Hard on the heels of the brazen March 3rd terrorist attack on the bus carrying Sri Lanka’s cricket team in the eastern Pakistan city of Lahore, Christopher Dell, the top US diplomat in Kabul warned that Pakistan posed a bigger security problem for the rest of the world than Afghanistan - a point already made, and made very effectively too, in a February 12 contribution to CounterPunch magazine by Peter Lee, a businessman who has spent thirty years observing, analyzing, and writing on Asian affairs.

The American diplomat claimed to have ‘discovered’ what most political observers have known for quite awhile – that "Pakistan has certainly made radical Islam a part of its political life, and it now seems to be a deeply ingrained element of its political culture." [‘Discovering’ what they have themselves secretly ‘fathered’ is, by the way, an American forte.]

"Maybe it’s time to admit we don’t have an Afghanistan problem. We have a Pakistan problem, and Afghanistan is simply aggravating it," was how Peter Lee began his article on February 12, hitting the proverbial nail on its nut.

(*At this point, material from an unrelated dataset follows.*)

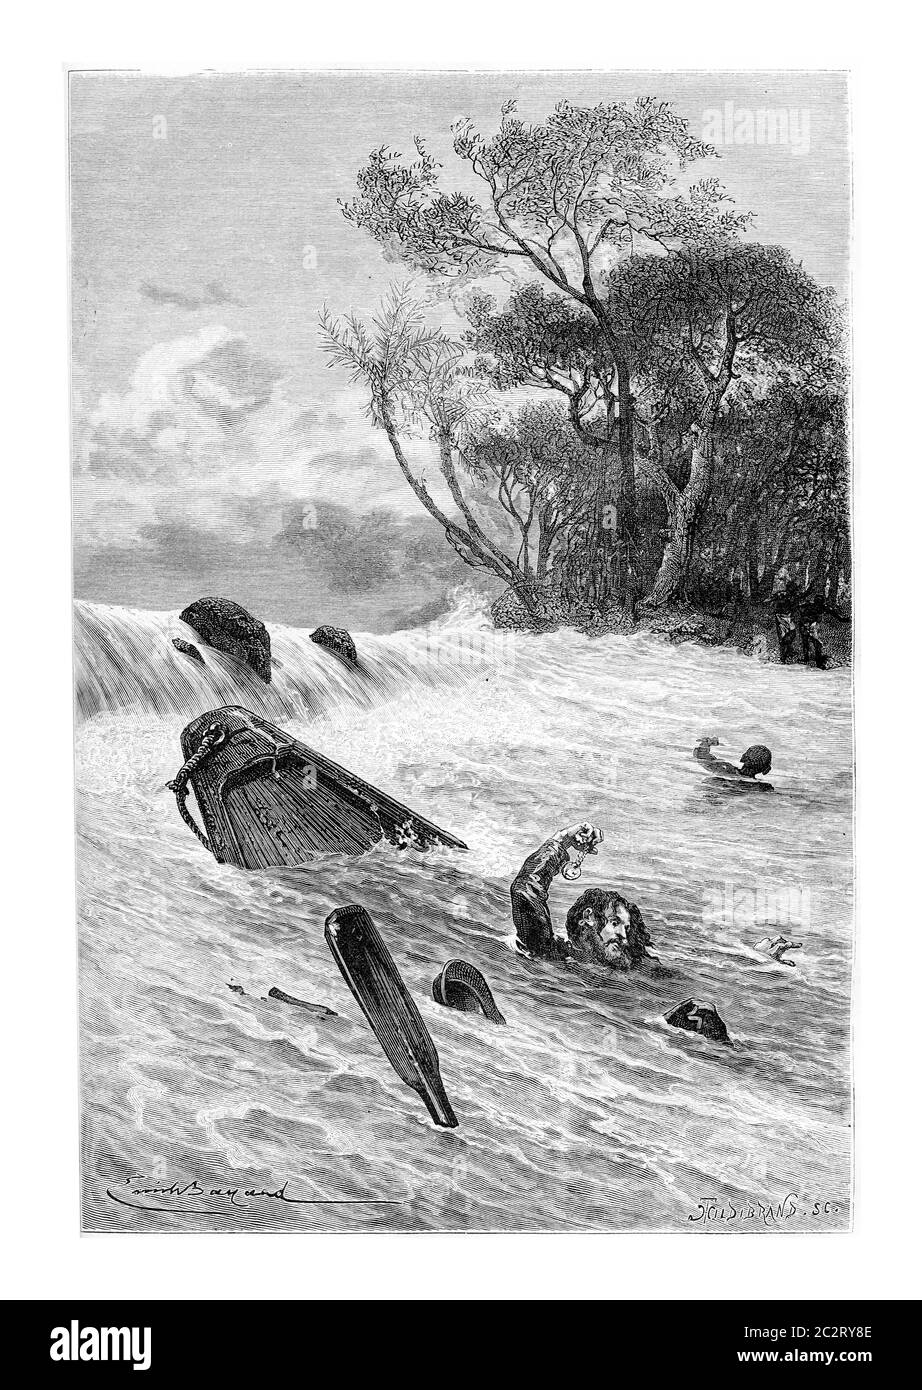 Swimming to Safety, in Angola, Southern Africa, drawing by Bayard based on a sketch by Serpa Pinto, vintage engraved illustration. Le Tour du Monde, T Stock Photo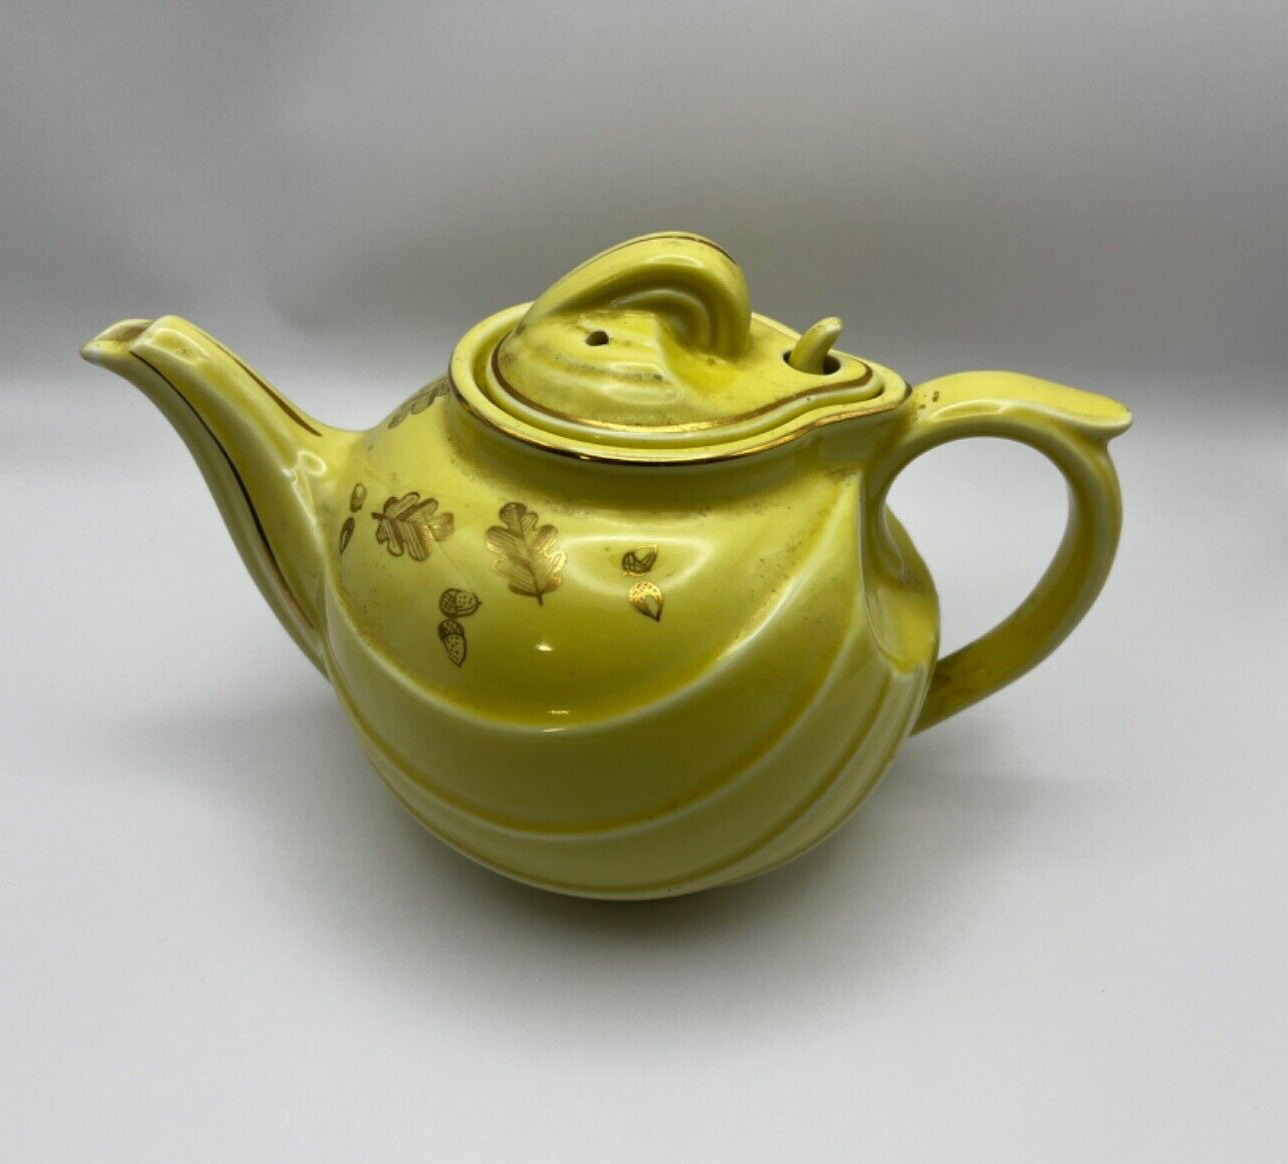 RARE SHAPED VINTAGE HALL'S TEA POT YELLOW-EXCELLENT AND CLEAN

The war against the Taliban is a counterinsurgency operation across the entire Pashtun ethnic area, noted Lee, and was on both sides of the Durand Line that arbitrarily splits the Pashtun homeland into Afghan and Pakistani jurisdictions; the Taliban soon discovered that their key bulwark against NATO and US operations was, unsurprisingly, the Pakistan side.

Wrote Lee: "US attempts to deny the Pakistan havens to the Taliban have simply encouraged the Taliban to focus on the weakest element in the counter-insurgency equation, the Pakistan government, entrench themselves not only in the semi-autonomous Federally Administered Tribal Areas (FATA) but also in key districts of the North West Frontier Province such as the Swat valley, and make it clear that the cost of any US success against them and in Afghanistan will be borne by Pakistan. In other words, Afghanistan is the sideshow and Pakistan is the main event."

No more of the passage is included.